Work item -> Transcribe the listing verbatim. Do not carry over any pictures.

───── Data shown

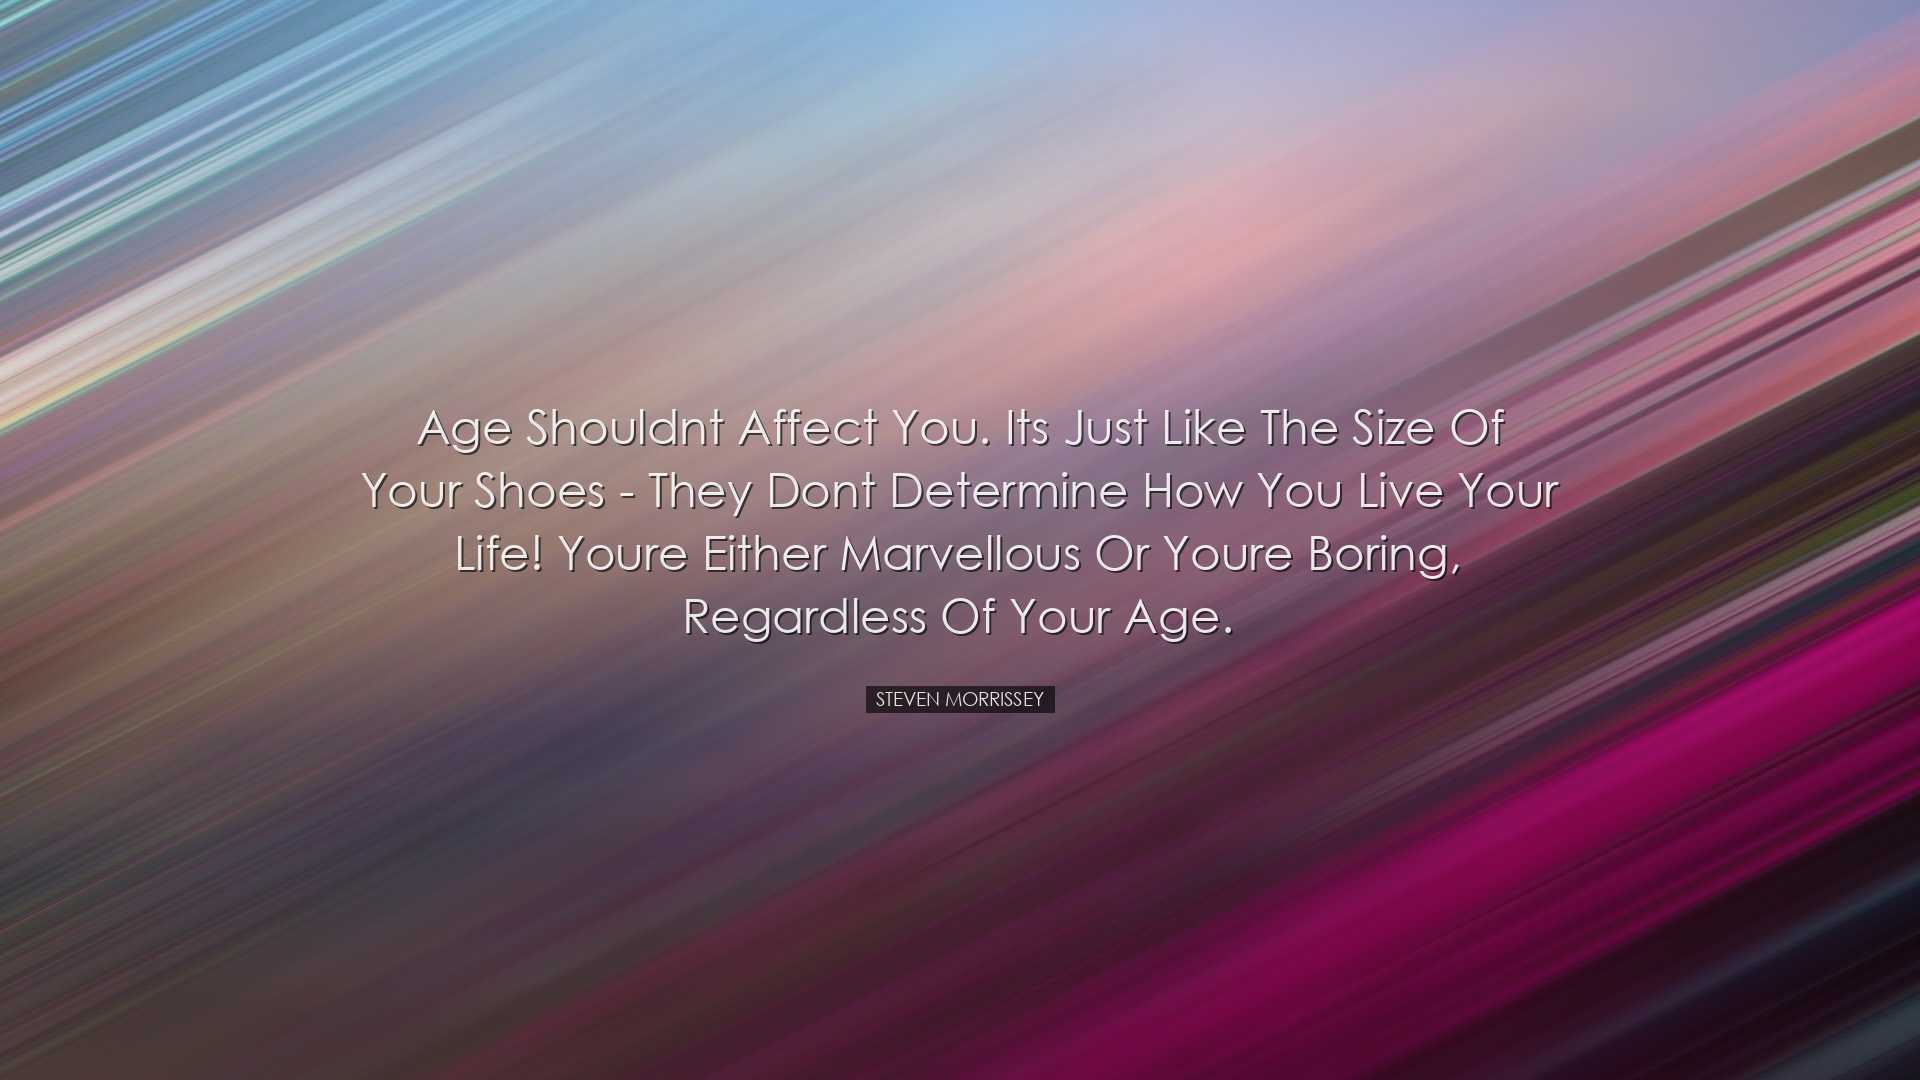 Age shouldnt affect you. Its just like the size of your shoes - th
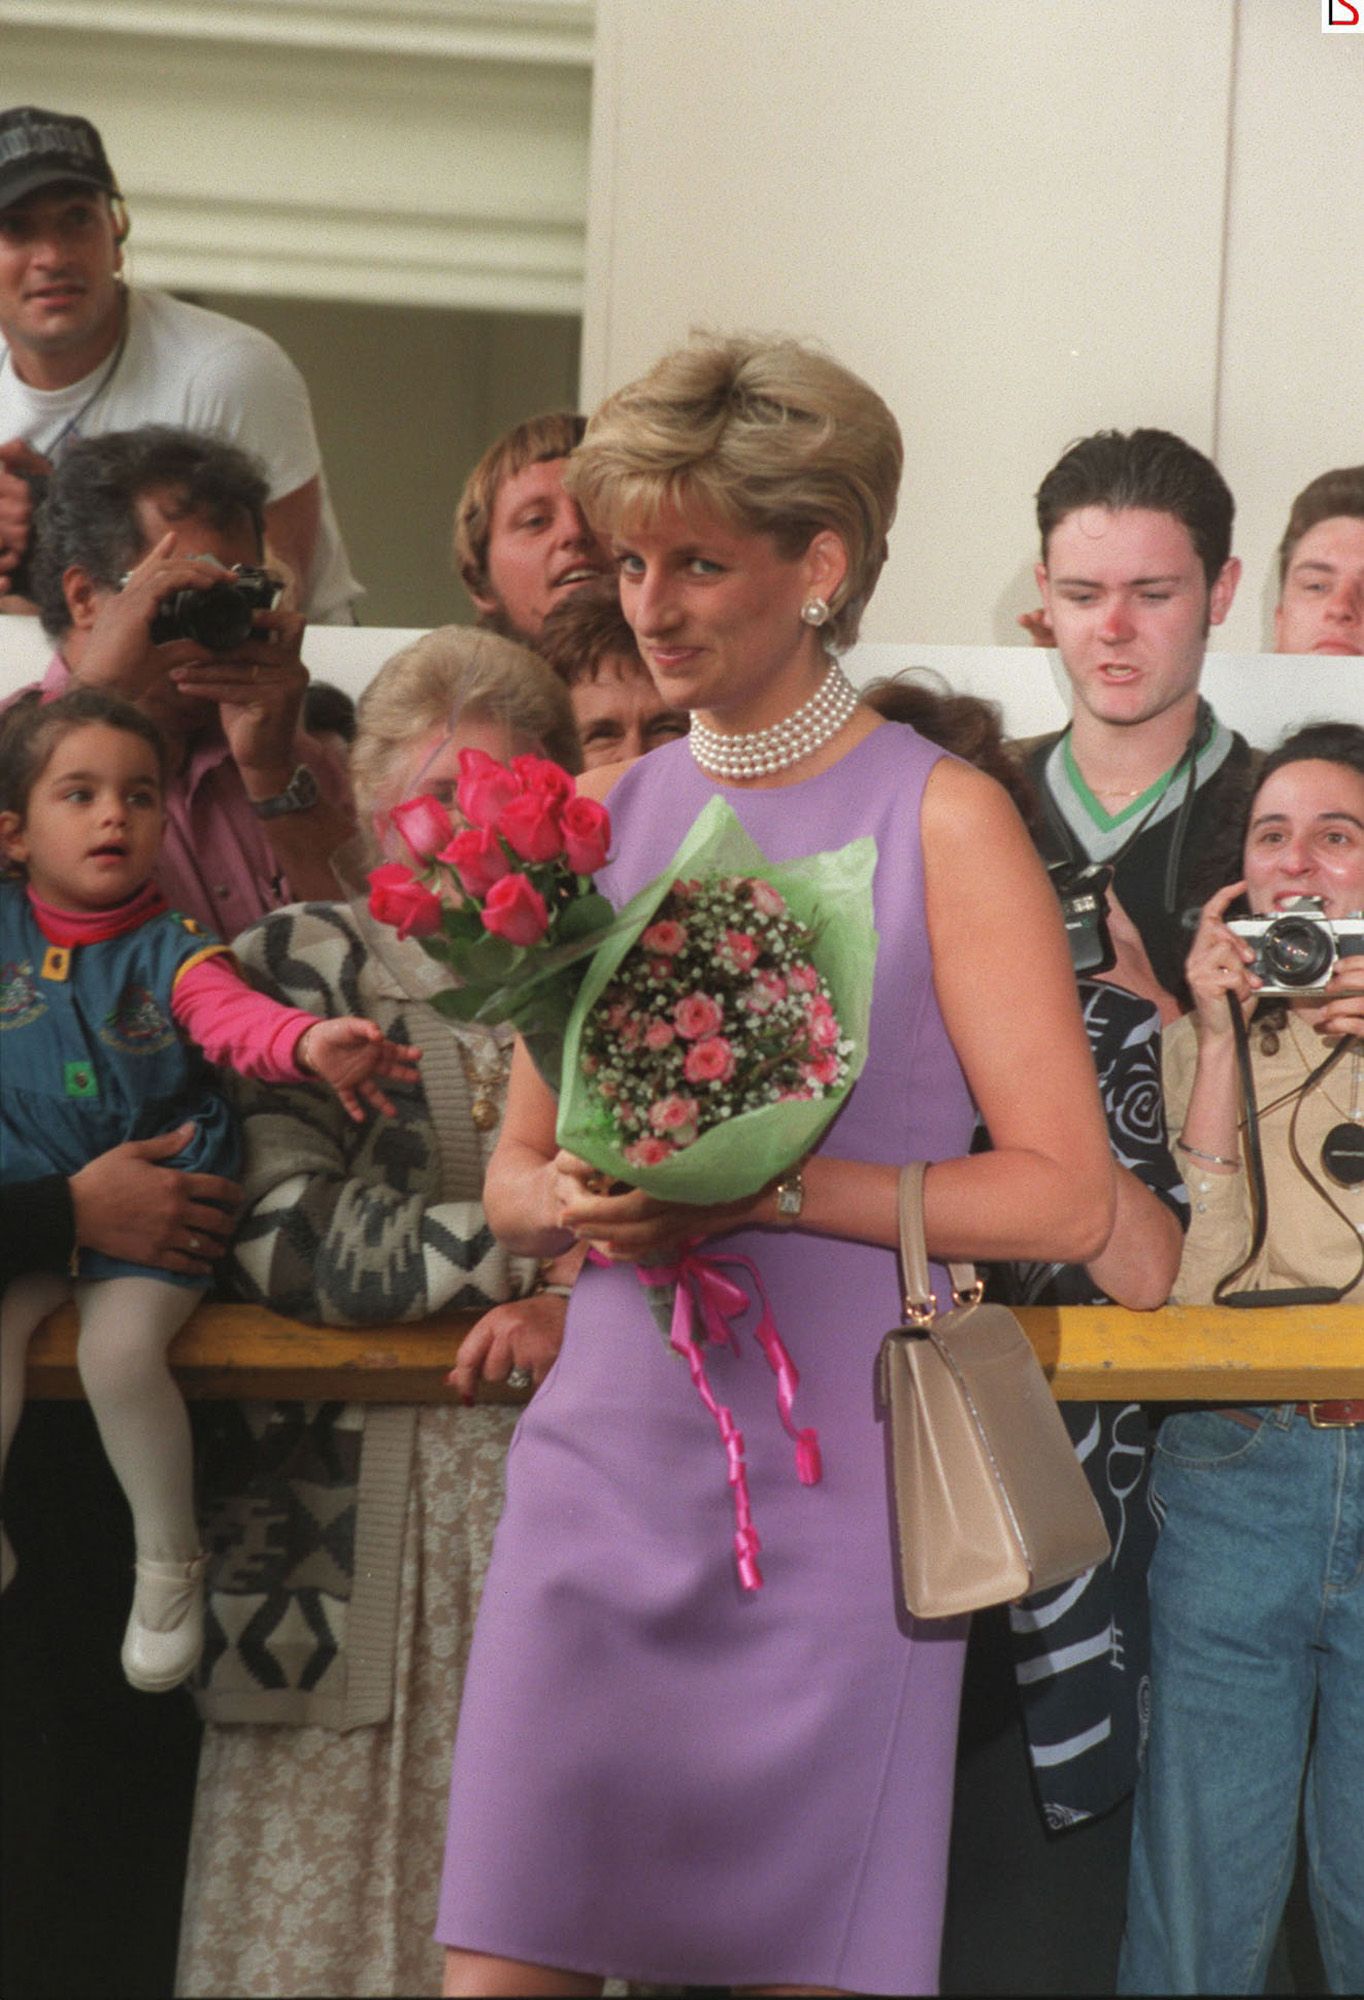 NOV 1996 - DIANA, PRINCESS OF WALES ARRIVING AT THE SACRED HEART HOSPICE IN SYDNEY. (Photo by Patrick Riviere/Getty Images)
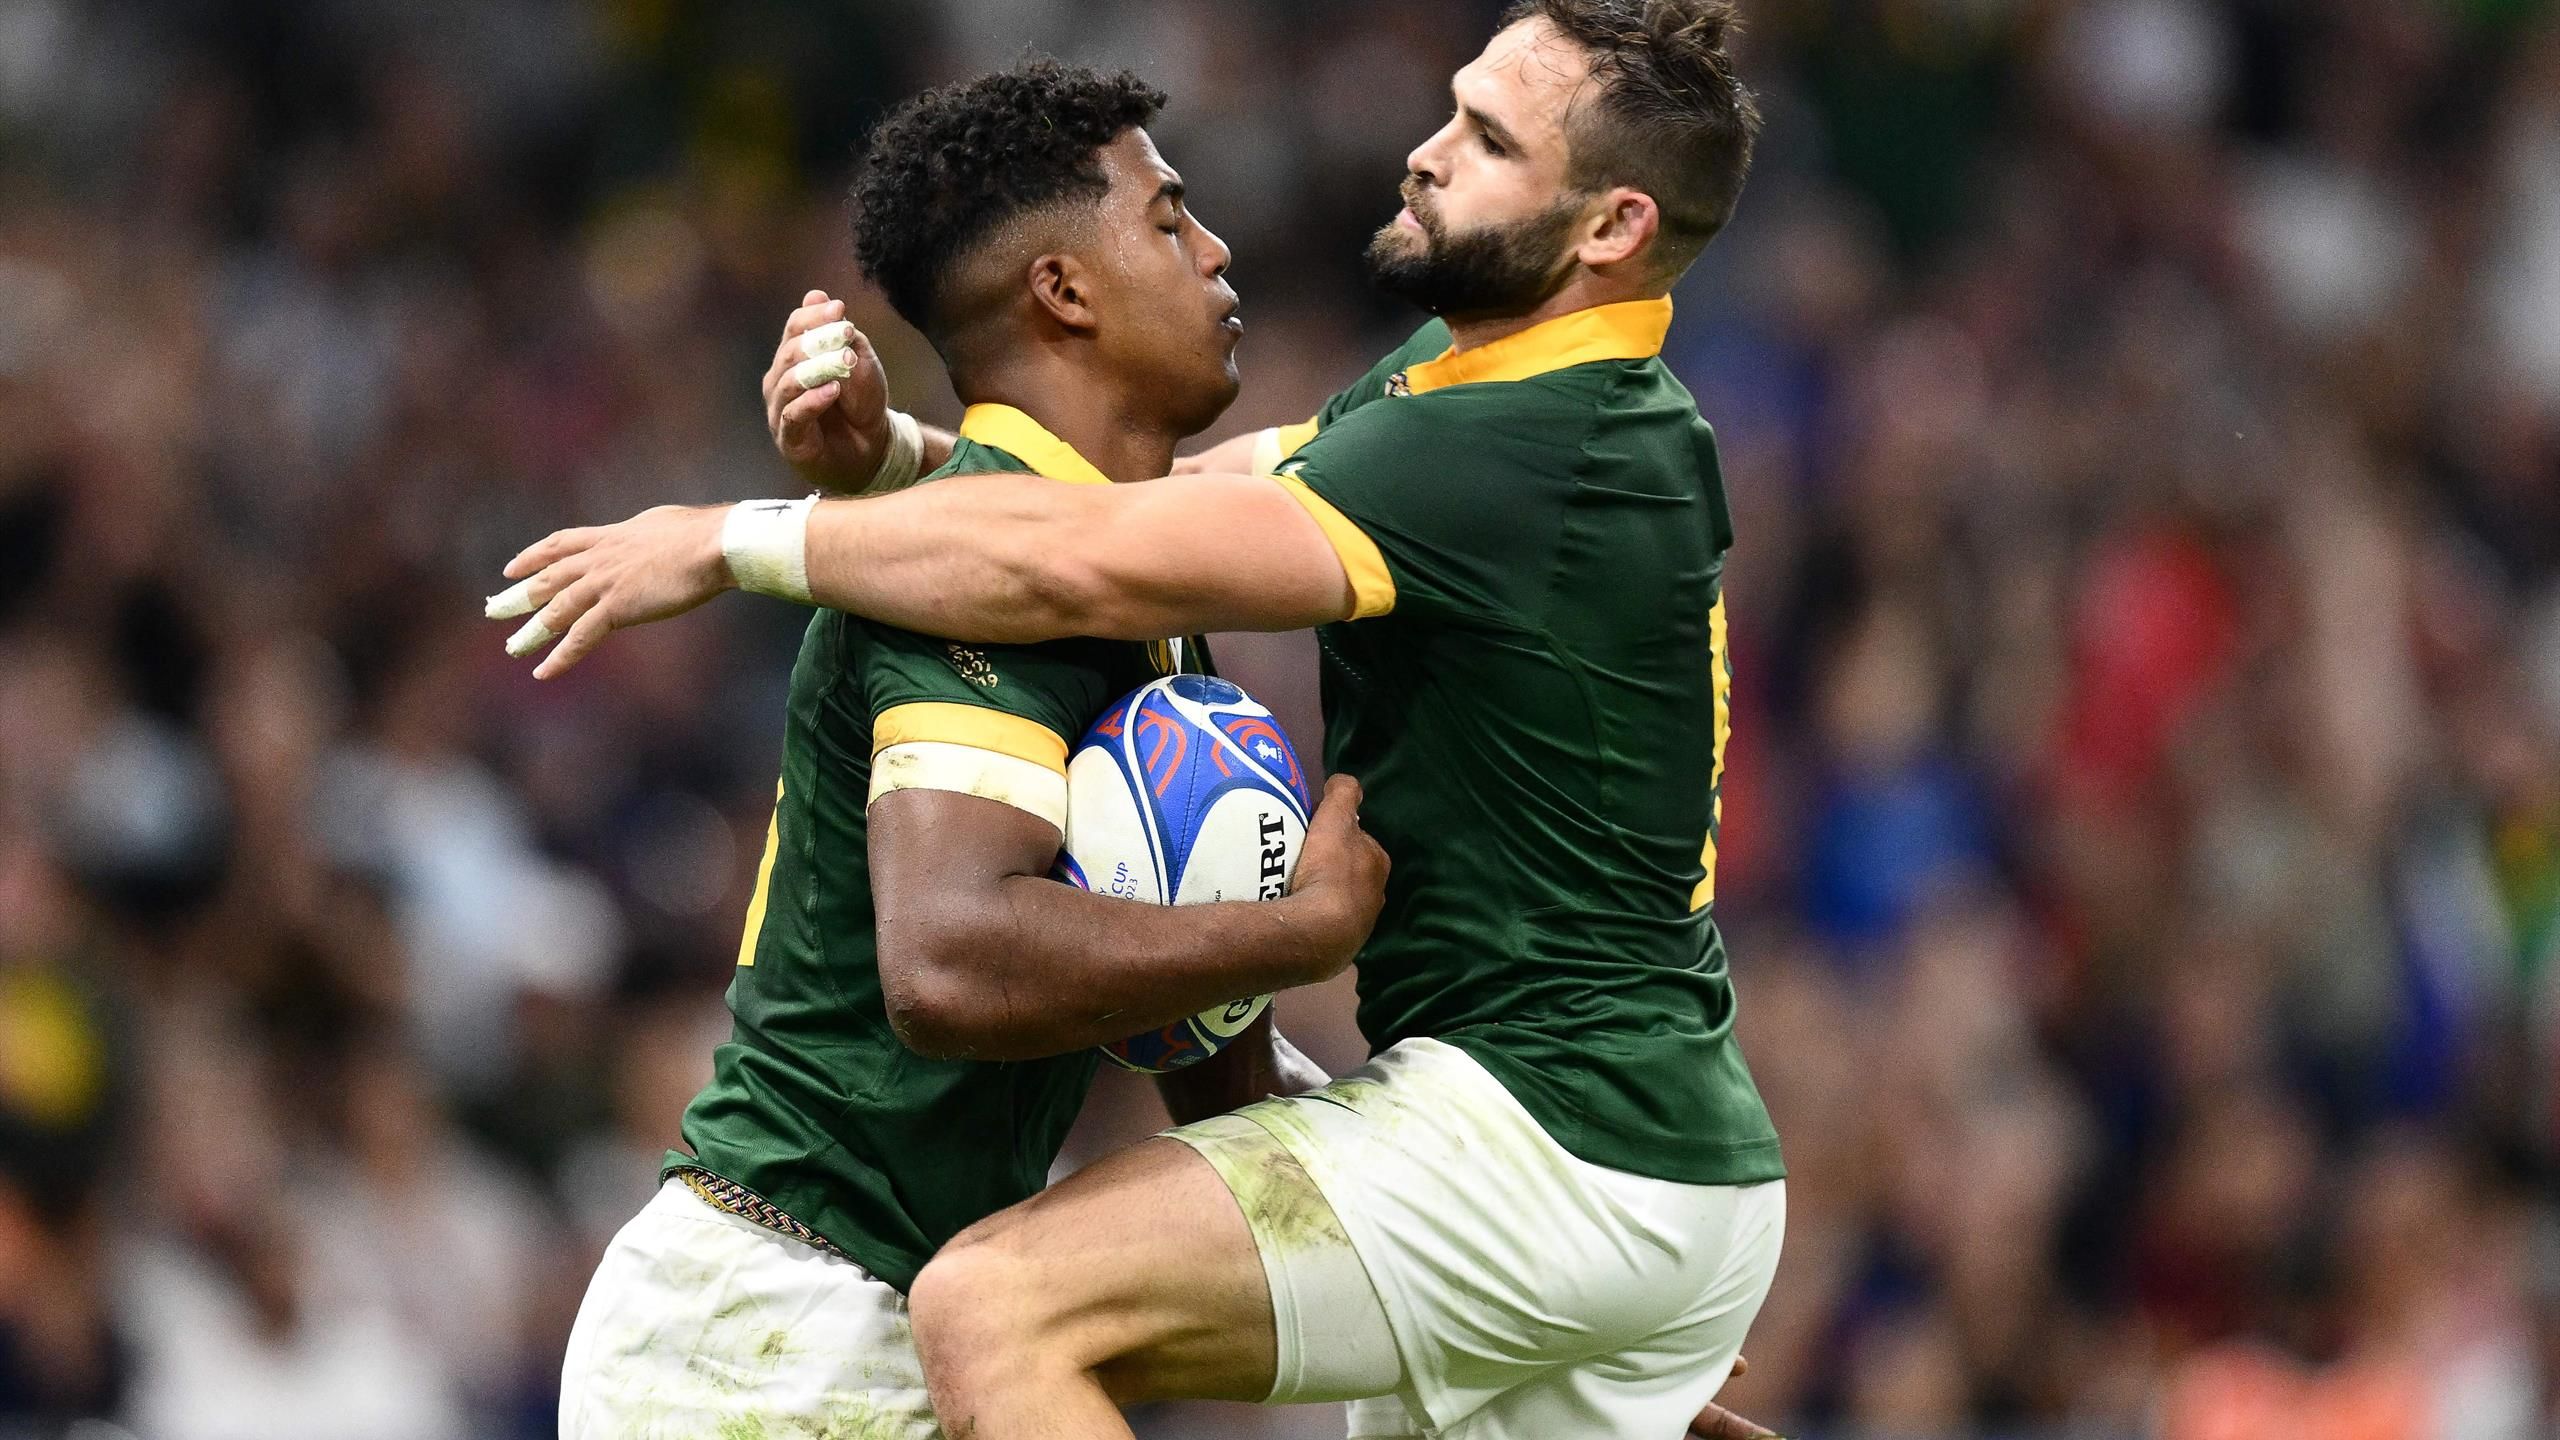 South Africa 49-18 Tonga Springboks put one foot in Rugby World Cup quarter-finals with bonus-point win

──────────

Answer for the task ->
 Age shouldnt affect you. Its just like the size of your shoes - th
 NOV 1996 - DIANA, PRINCESS OF WALES ARRIVING AT THE SACRED HEART HOSPICE IN SYDNEY. (Photo by Patrick Riviere/Getty Images)
 South Africa 49-18 Tonga Springboks put one foot in Rugby World Cup quarter-finals with bonus-point win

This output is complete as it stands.